Exercise details: Only the lines from the one with "Pasadena California Sterling" through the final line below belong in the answer, copied exactly and without pictures.

Given data:
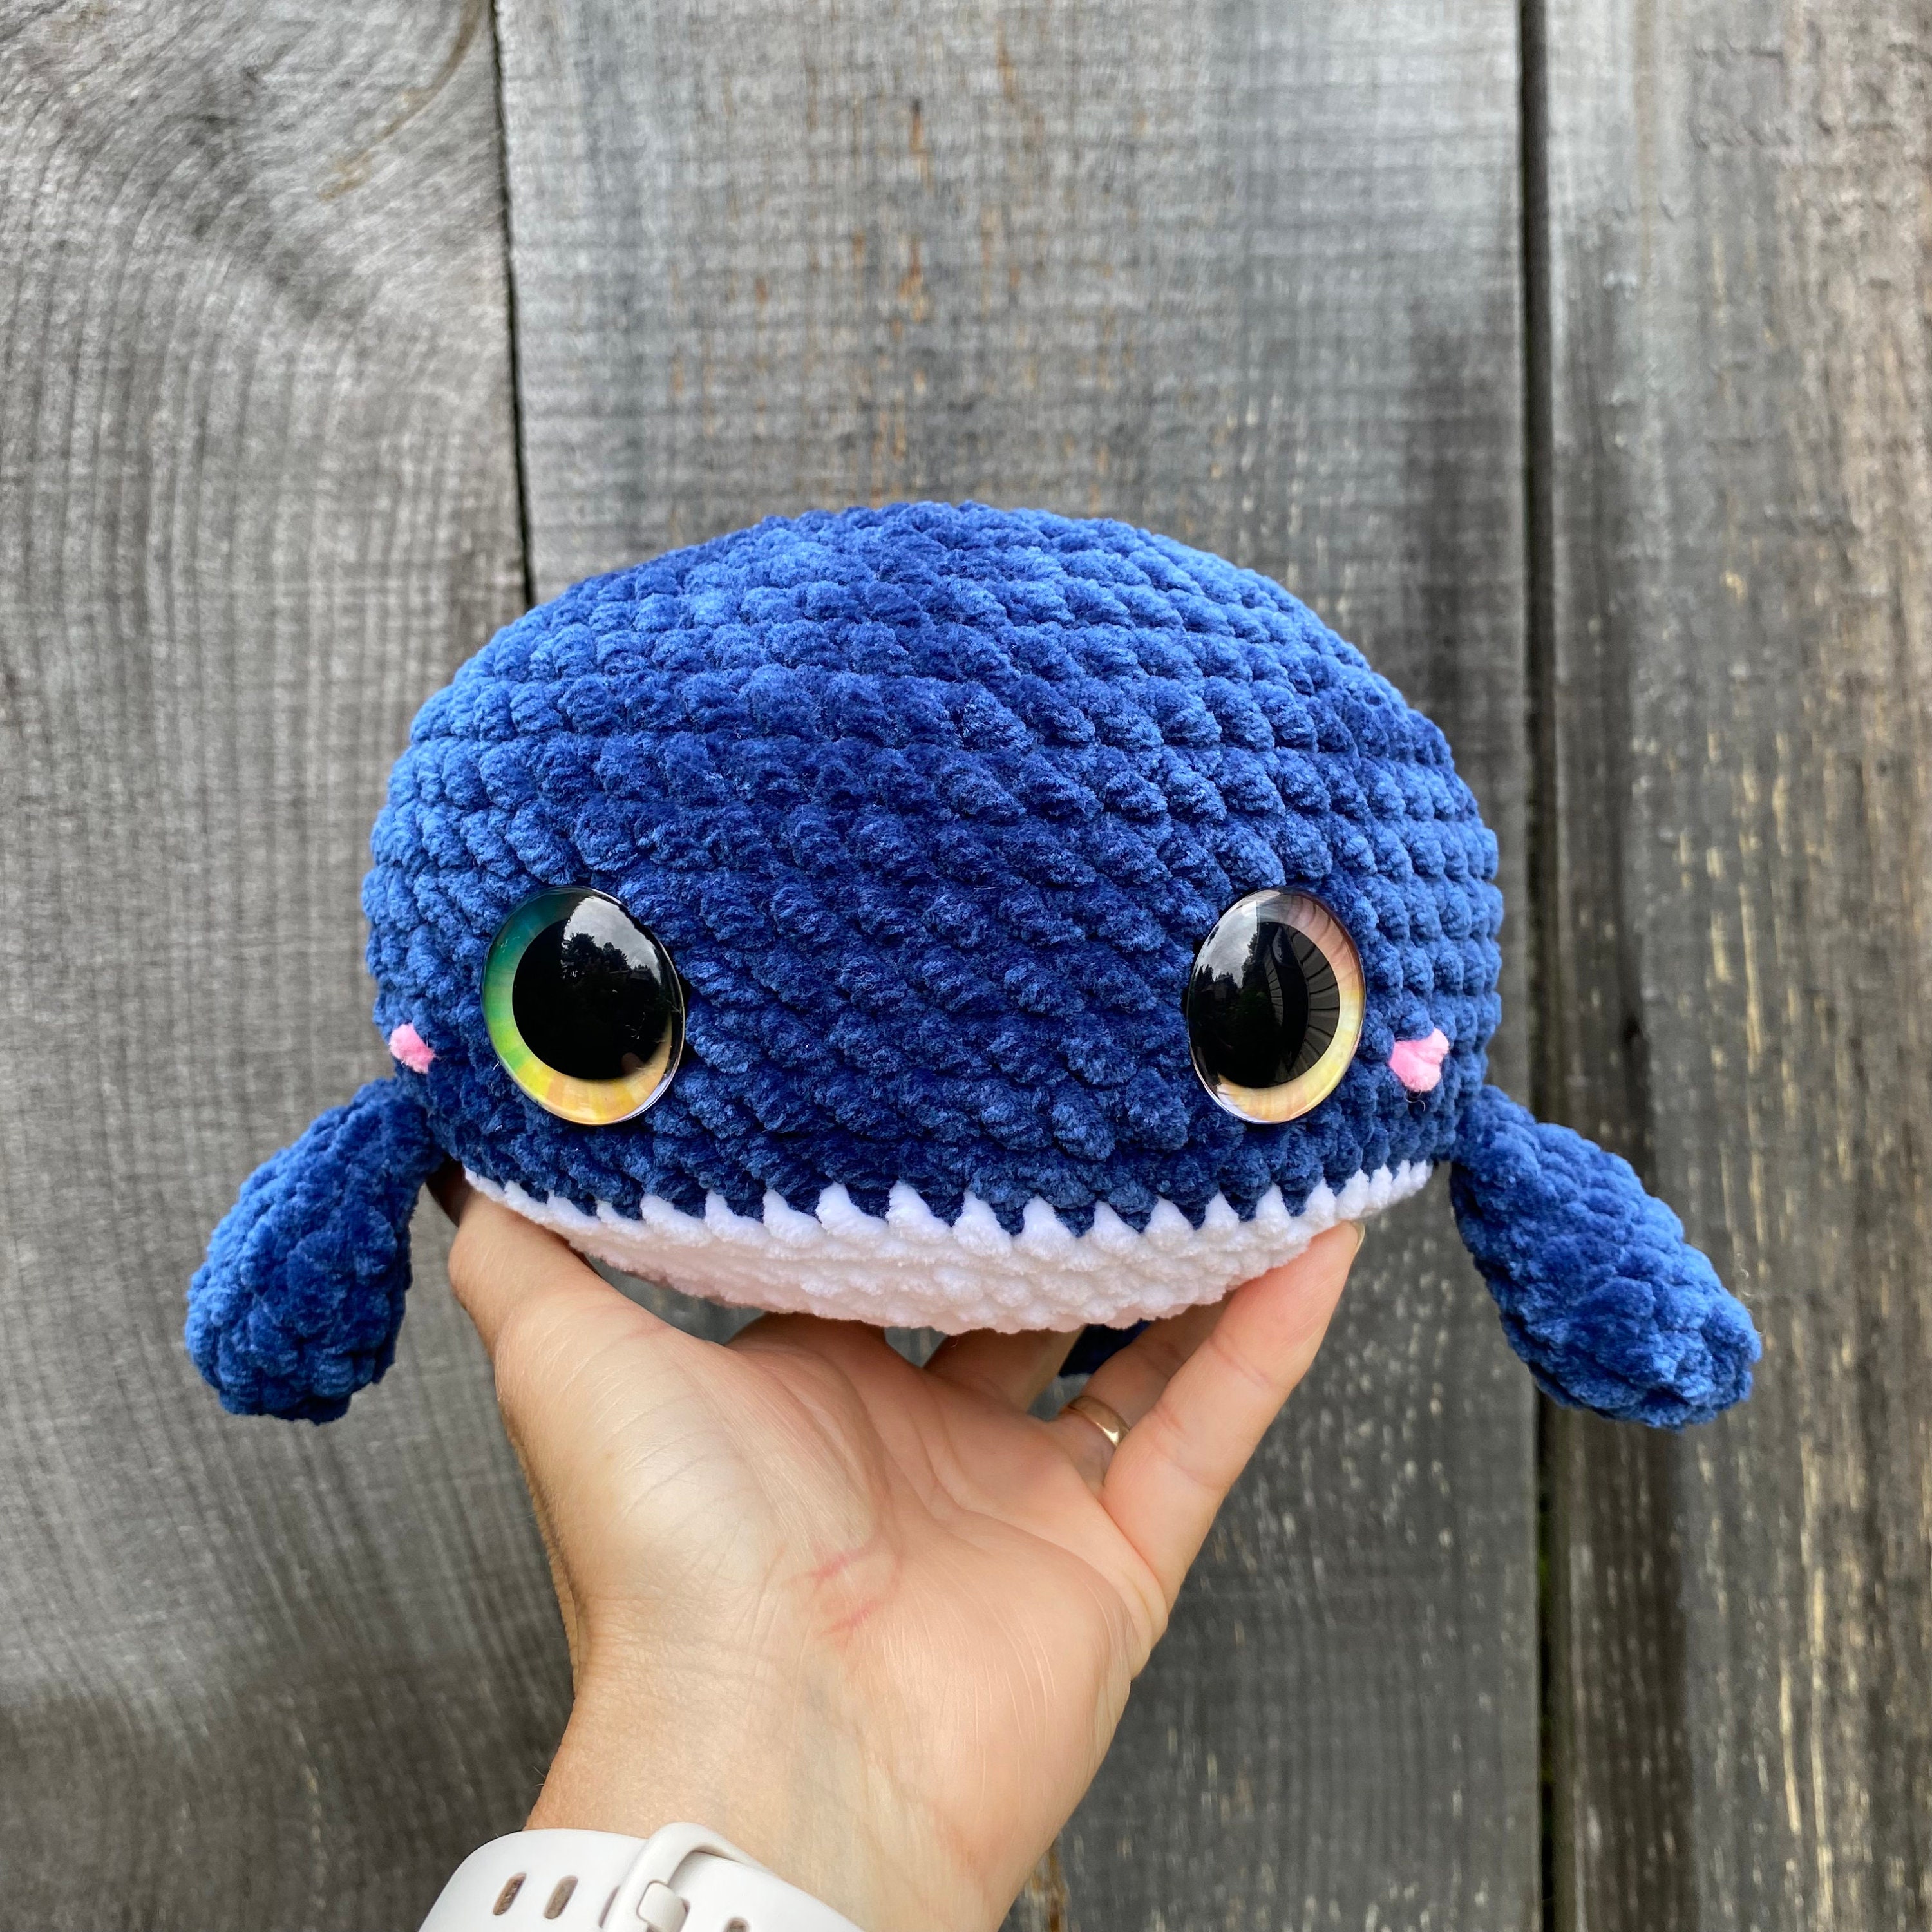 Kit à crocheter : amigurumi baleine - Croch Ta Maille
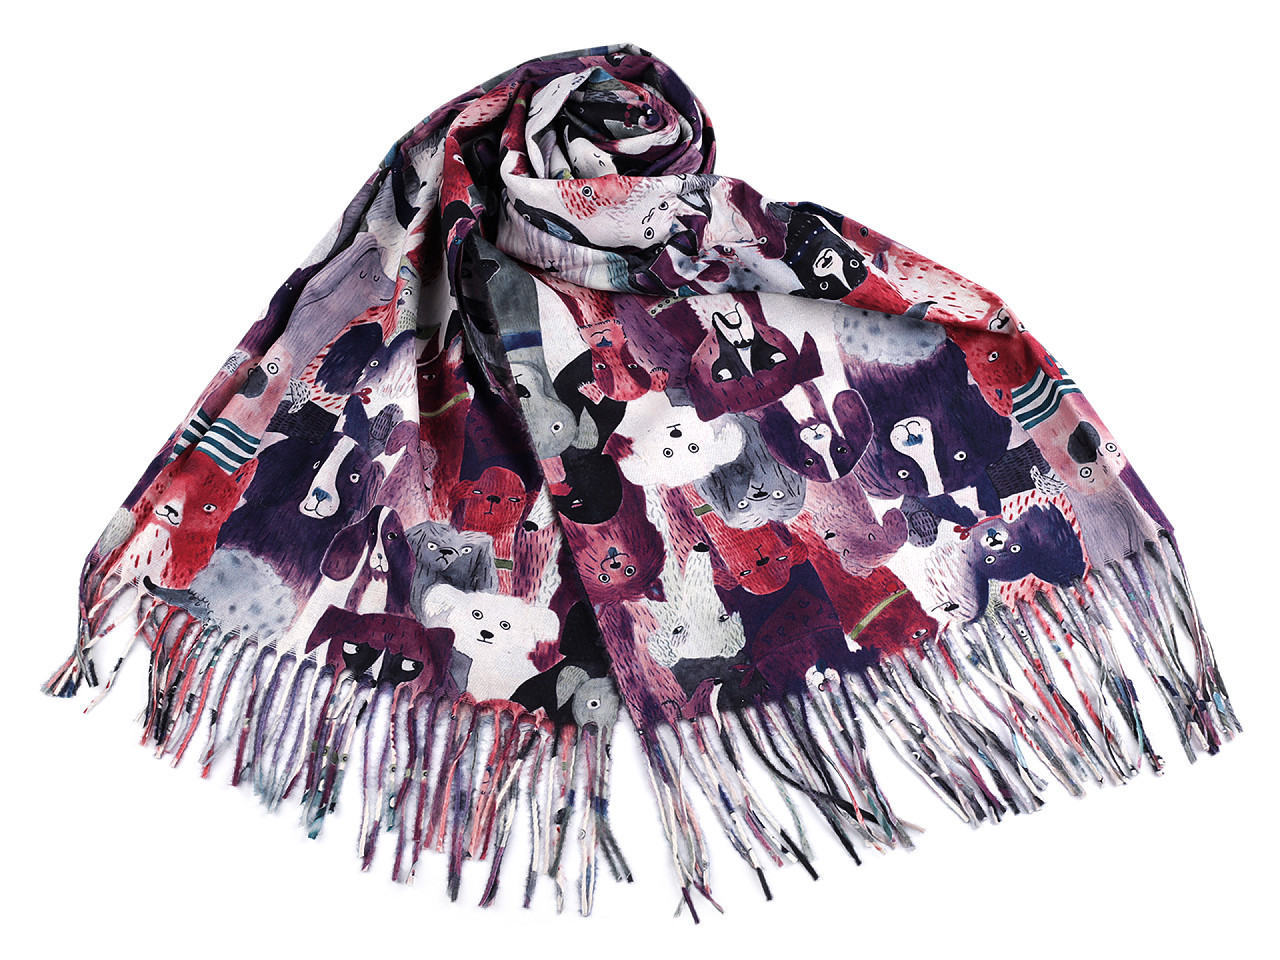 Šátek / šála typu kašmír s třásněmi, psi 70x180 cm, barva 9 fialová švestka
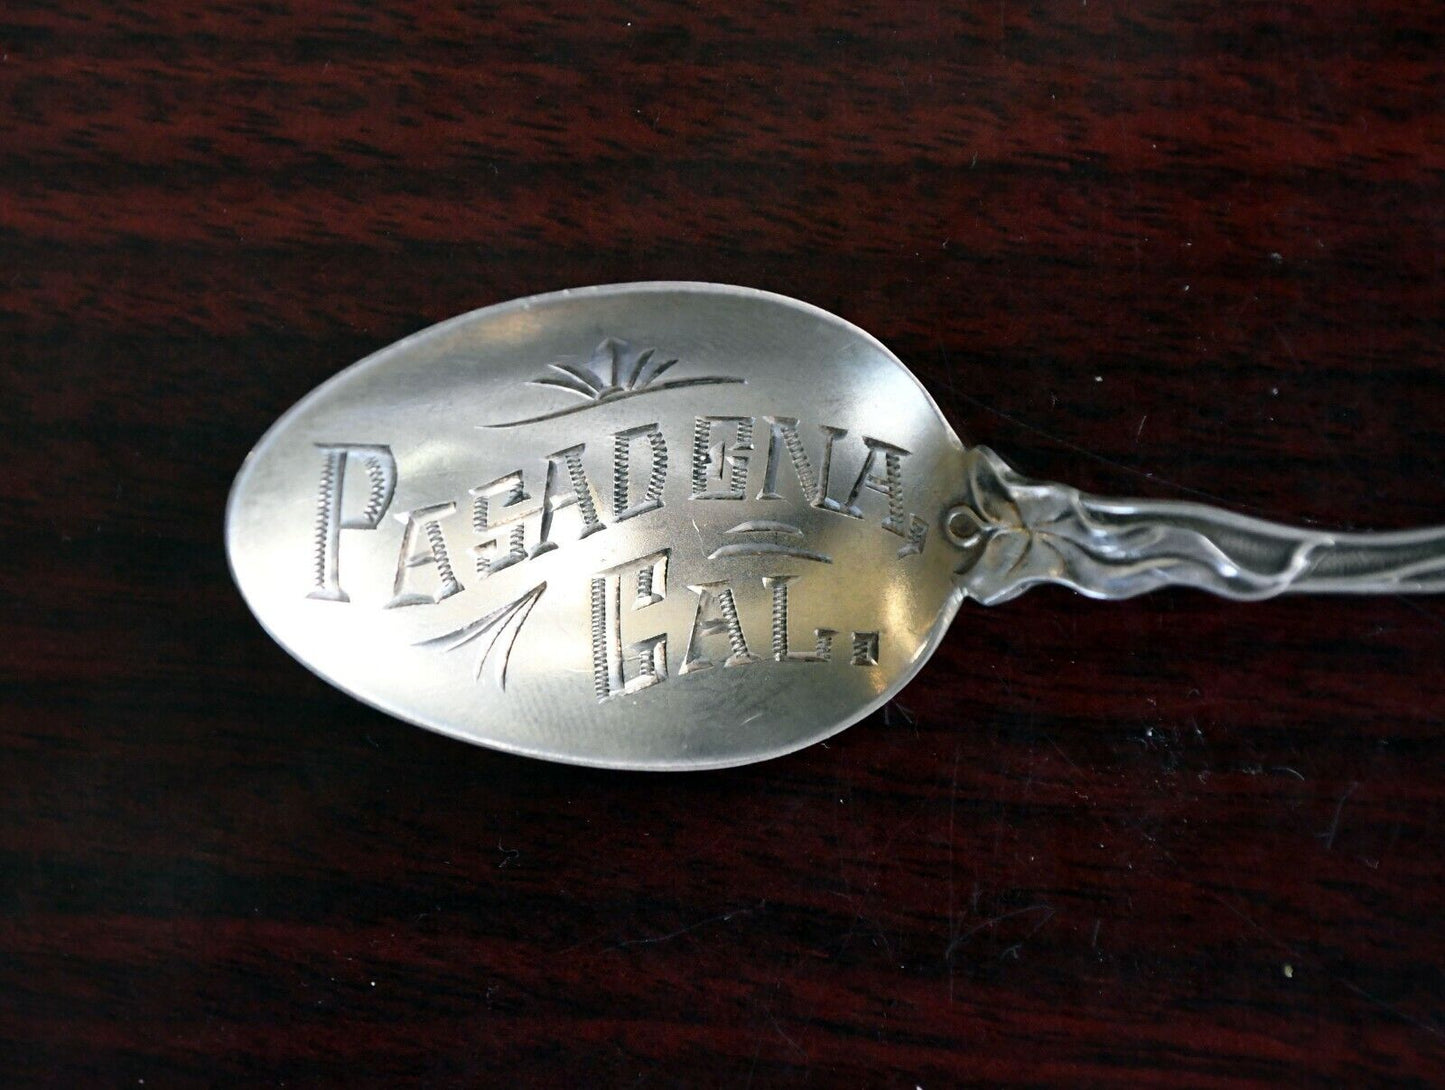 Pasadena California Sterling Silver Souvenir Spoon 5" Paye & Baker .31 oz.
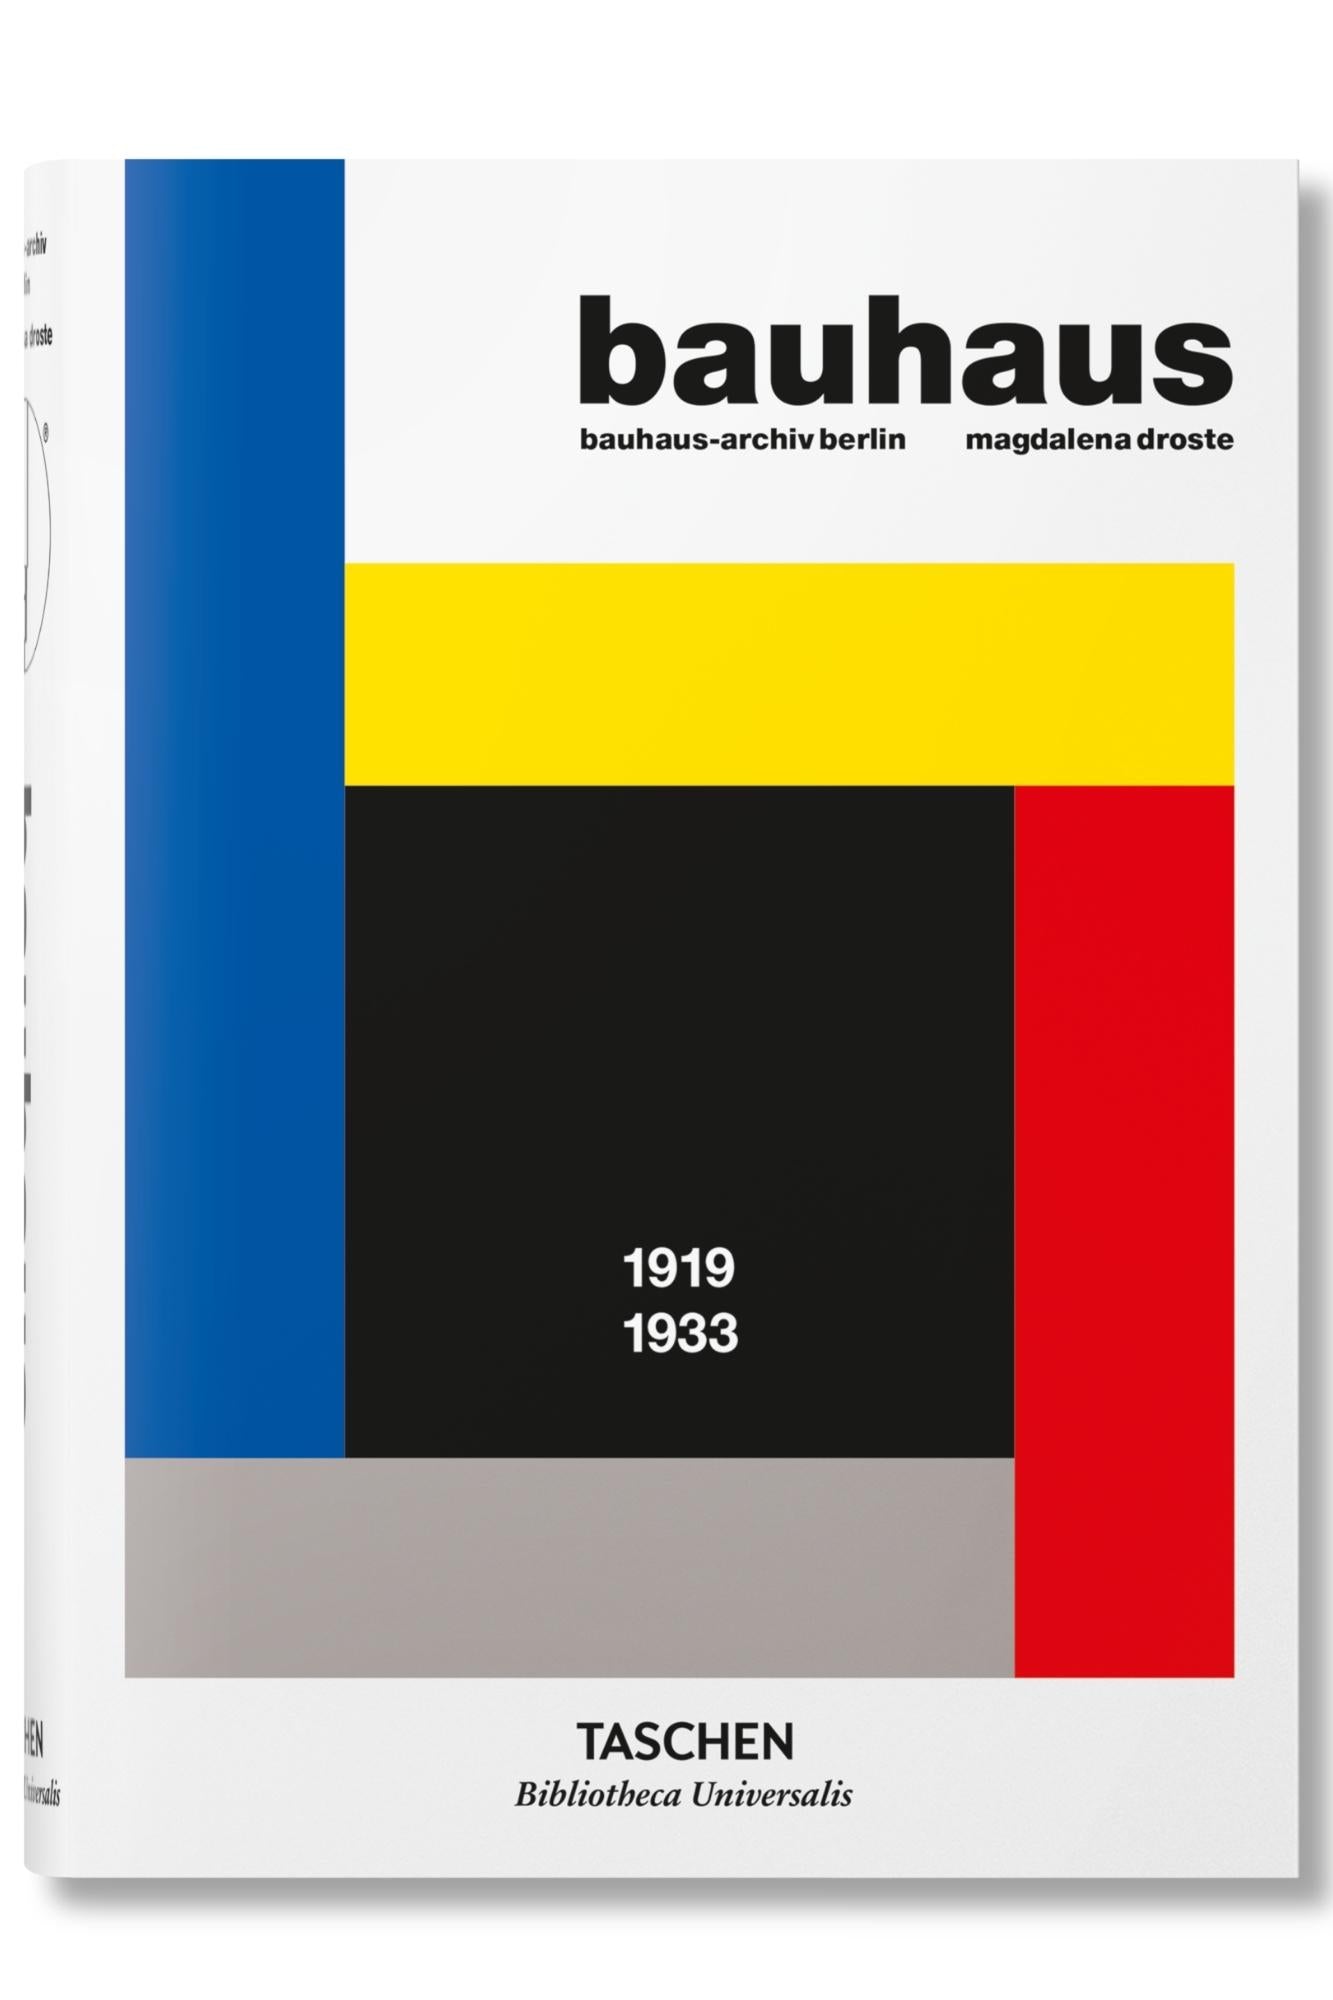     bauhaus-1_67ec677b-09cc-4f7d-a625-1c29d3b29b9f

Answer box:
 Pasadena California Sterling Silver Souvenir Spoon 5" Paye & Baker .31 oz.
     bauhaus-1_67ec677b-09cc-4f7d-a625-1c29d3b29b9f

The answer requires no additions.